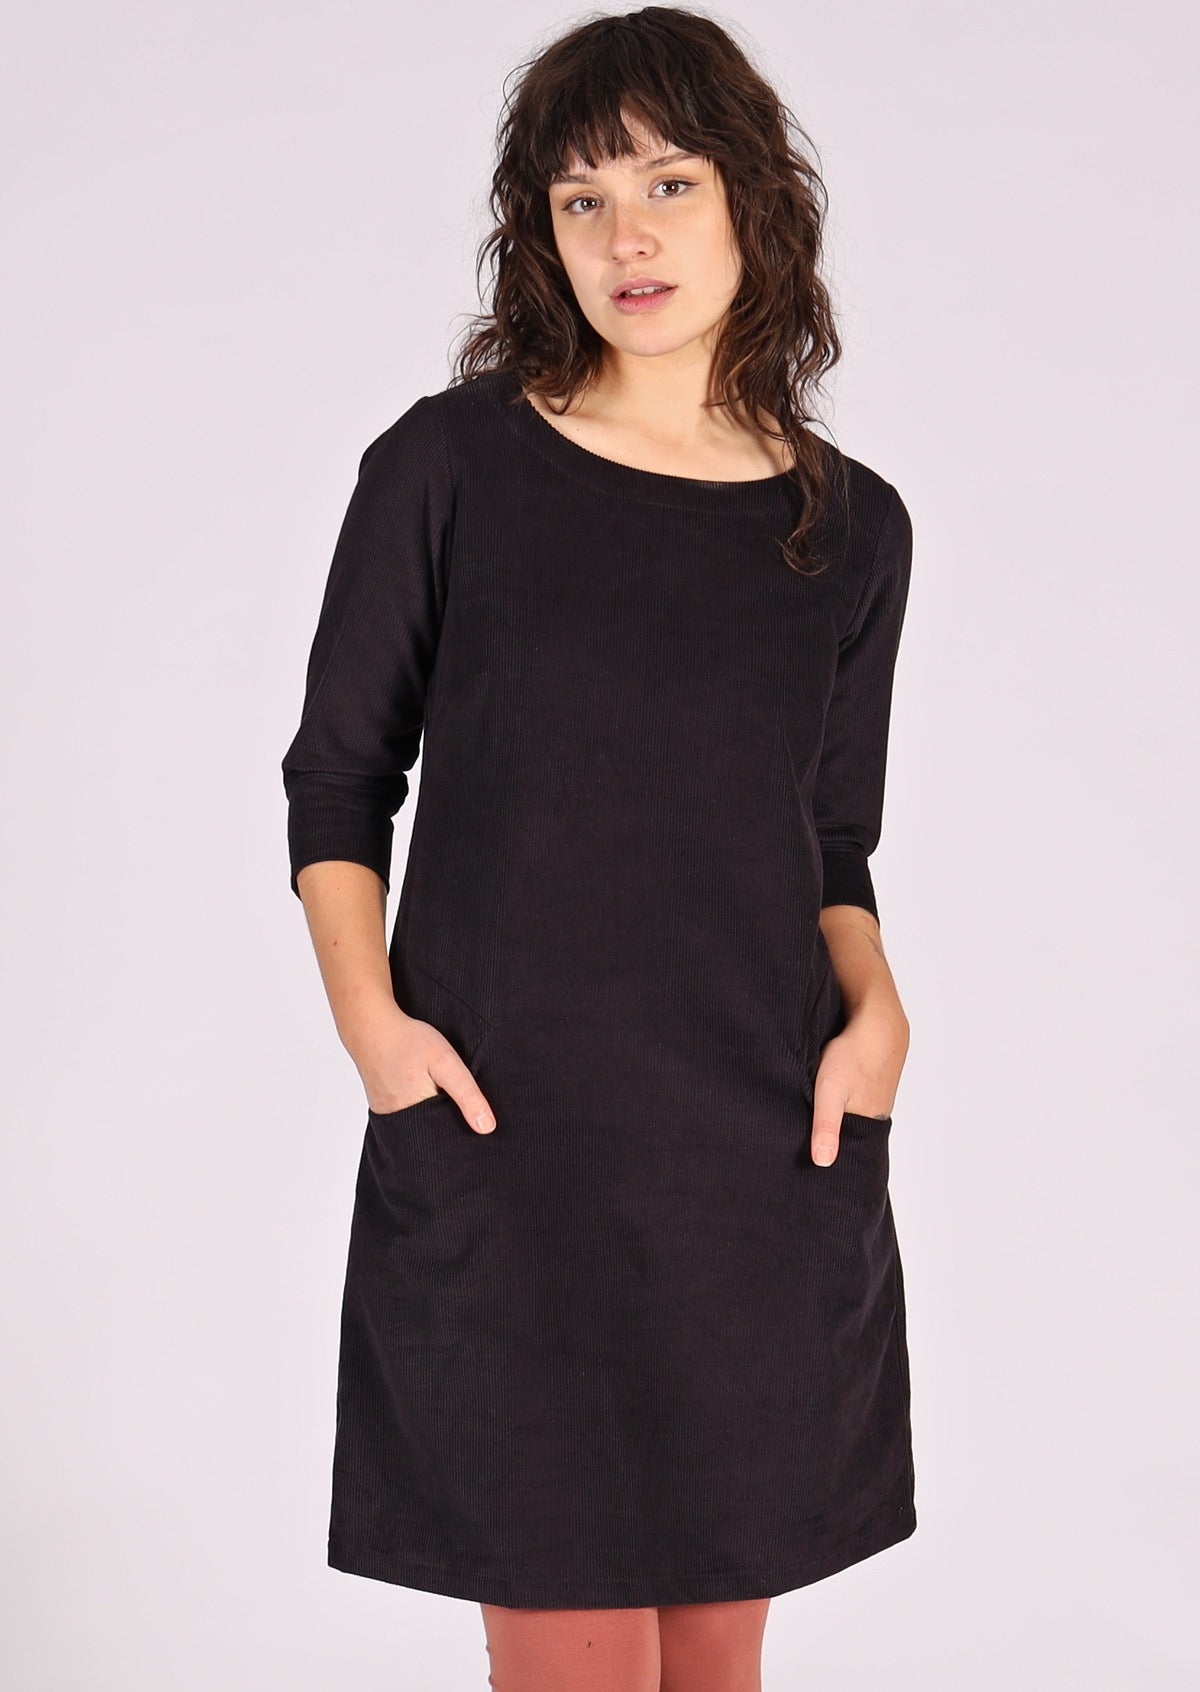 Dark grey cotton corduroy dress with pockets
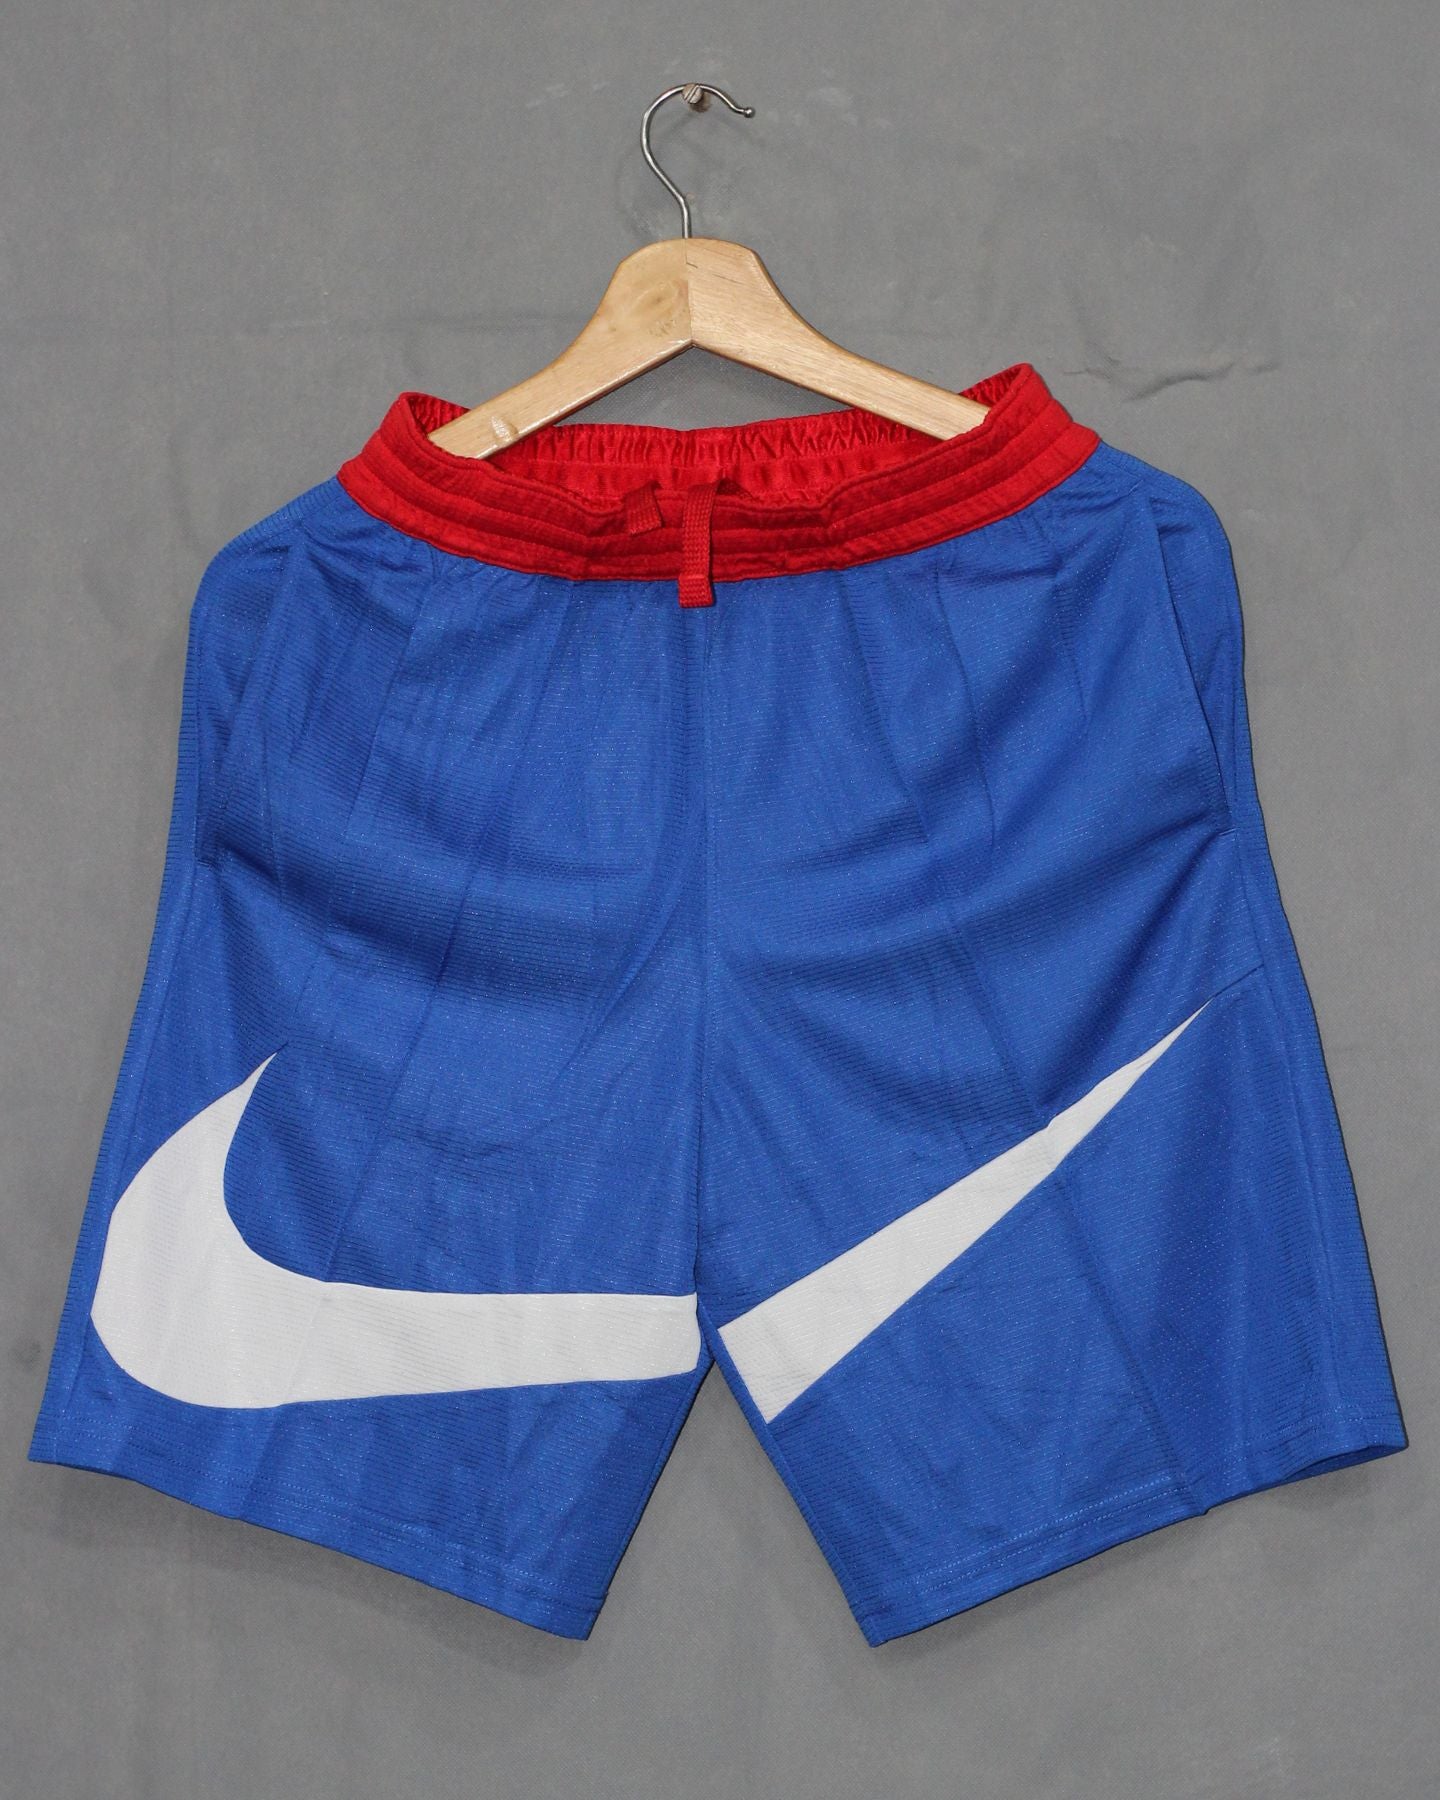 Nike Dri-Fit Branded Original Sports Soccer Short For Men
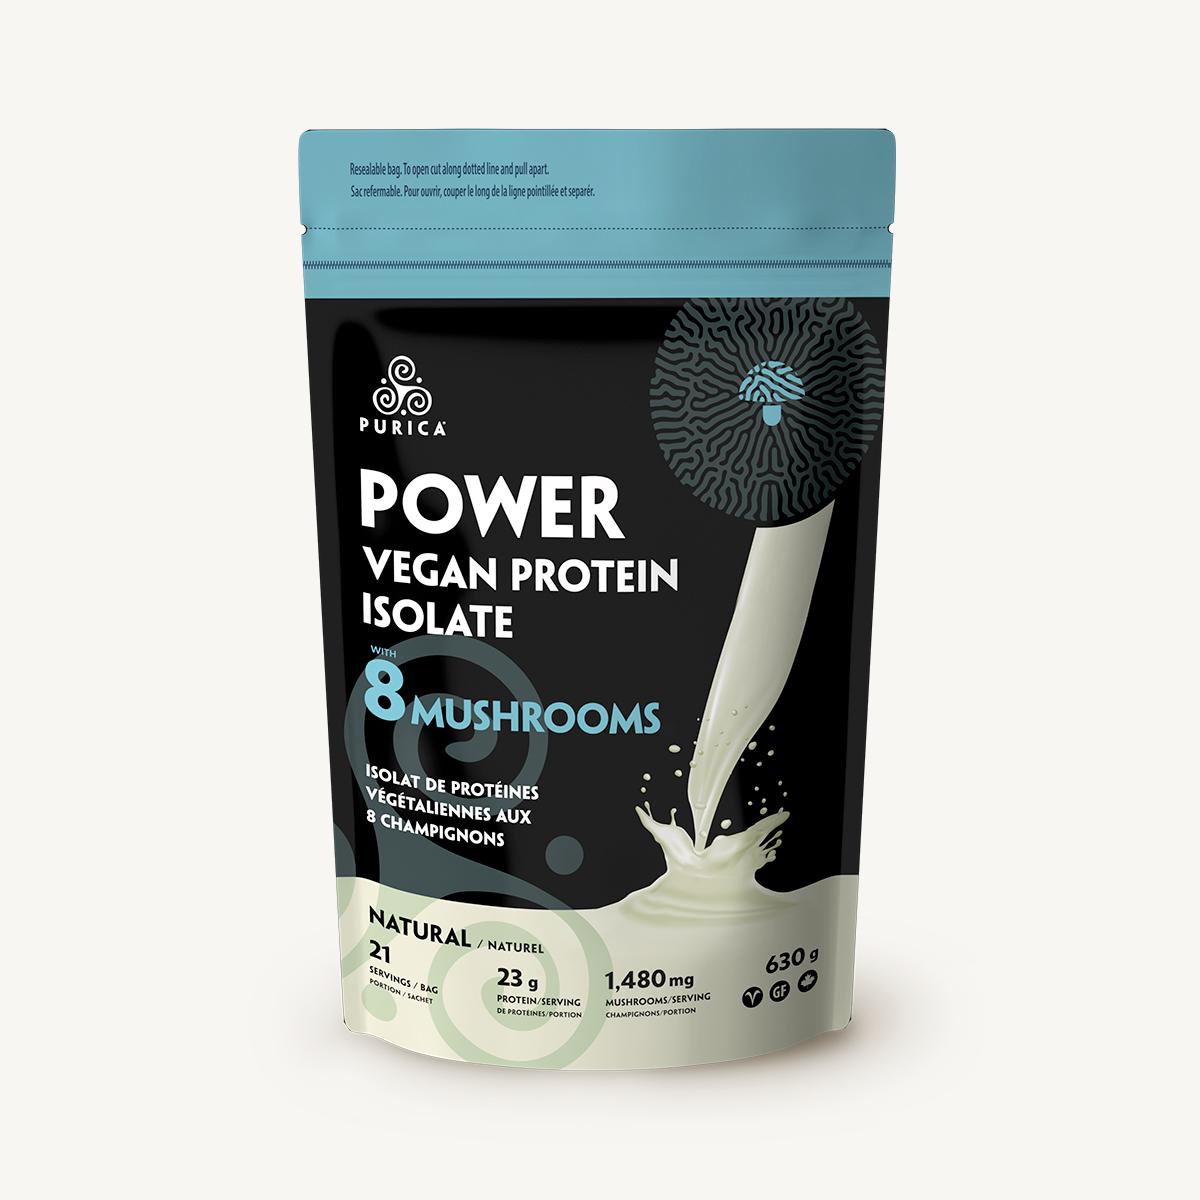 Vegan Protein with 8 Mushrooms
==============================
Copy out all the data exactly; skip the pictures.

# [Solution to the problem]
 Dark grey cotton corduroy dress with pockets
 Nike Dri-Fit Branded Original Sports Soccer Short For Men
 Vegan Protein with 8 Mushrooms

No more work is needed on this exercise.